SPC^SF played a dual role in the system: it generated reactive oxygen species for the oxidative breakdown of long-chain hydrocarbons into bioavailable intermediates, and it modulated soil physicochemical properties—particularly pH and oxidation-reduction potential—creating a more favorable environment for microbial activity. In turn, Bacillus subtilis facilitated the reduction and stabilization of Fe(II), sustaining the Fe(II)/Fe(III) redox cycle and thereby enhancing the generation of hydroxyl radicals in Fenton-like reactions.
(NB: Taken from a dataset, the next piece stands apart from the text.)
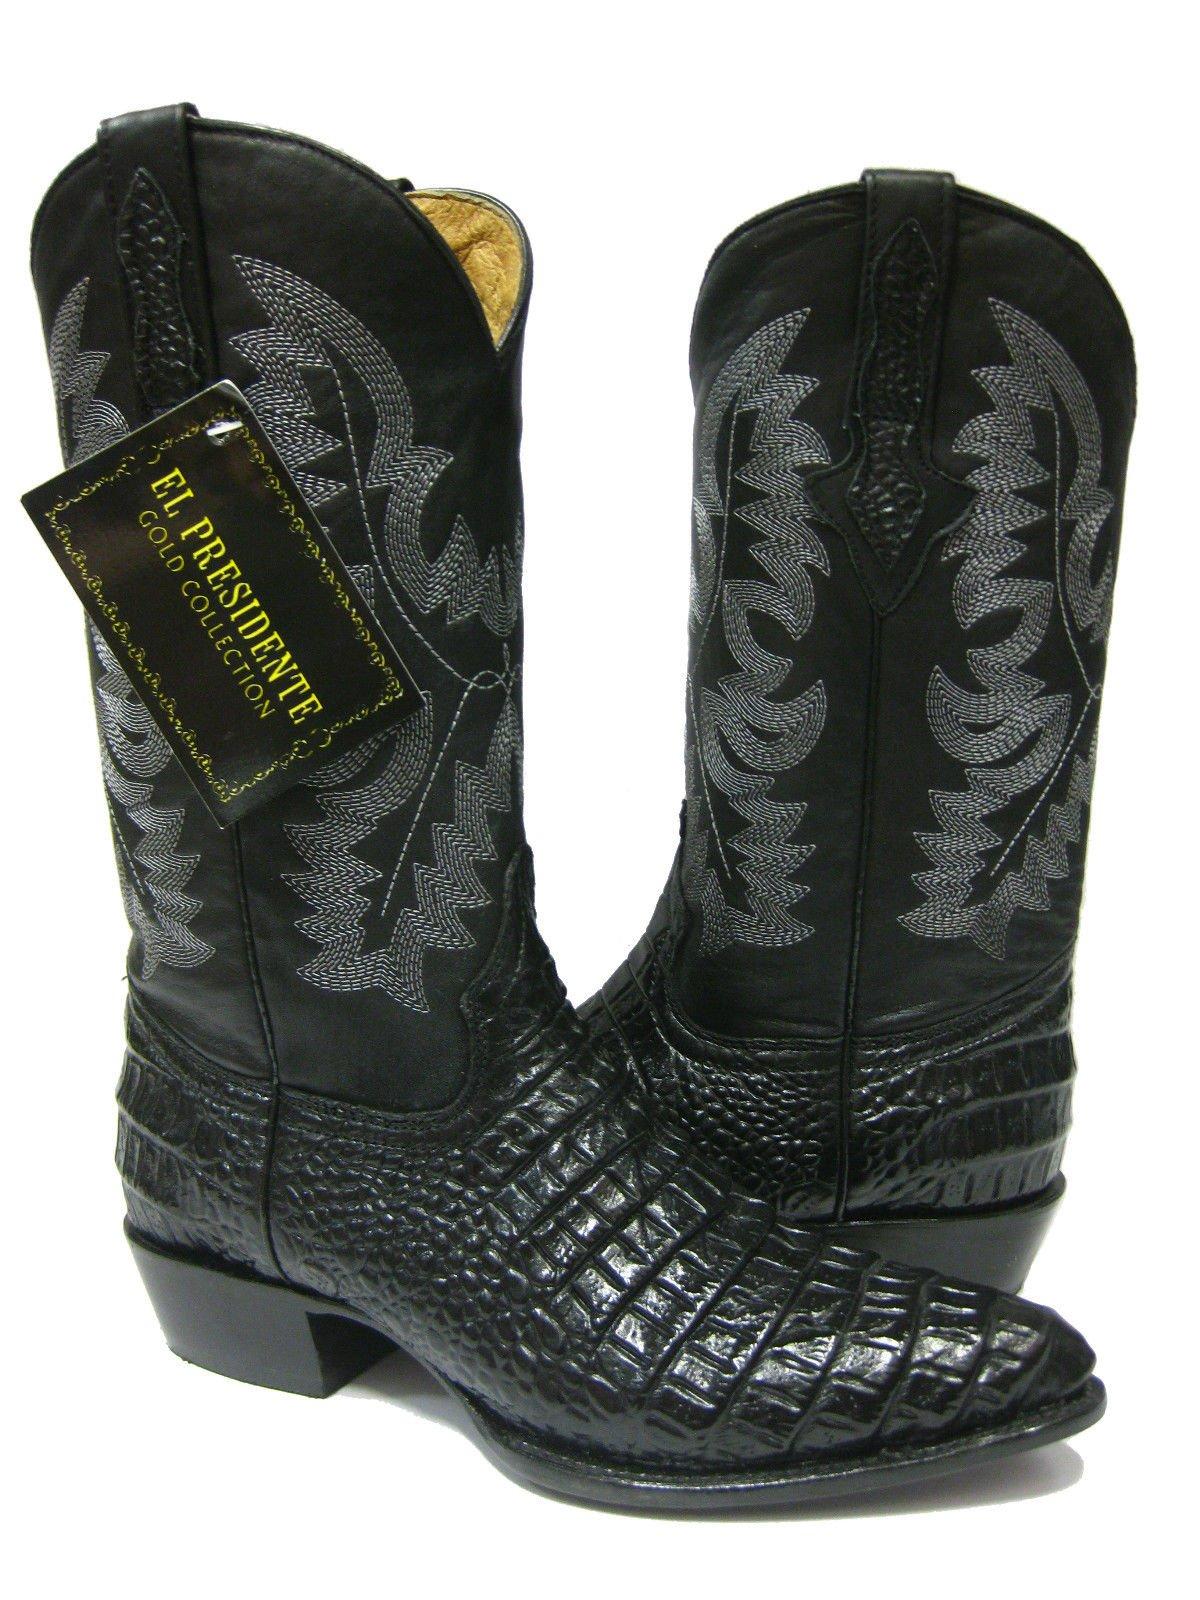 El Presidente Men's Black Crocodile Belly Design Leather Cowboy Boots J Toe 13.5 EE

Spectroscopic evidence from 3D-EEM, FTIR, and XPS revealed that the combined treatment promoted the transformation of petroleum hydrocarbons into carboxyl-rich organic matter, indicating effective mineralization and detoxification. The enrichment of Fe(II) and the conversion of ether-bonded intermediates into carboxylic acids provided molecular-scale confirmation of the synergistic interaction.

Overall, the SPC^SF–Bacillus subtilis system offers an efficient, environmentally compatible strategy for the remediation of petroleum hydrocarbon-contaminated soils. The findings provide mechanistic insights and support the potential field application of this combined approach. Future work should focus on optimizing delivery strategies, evaluating long-term ecological effects, and validating the system under real-world soil conditions.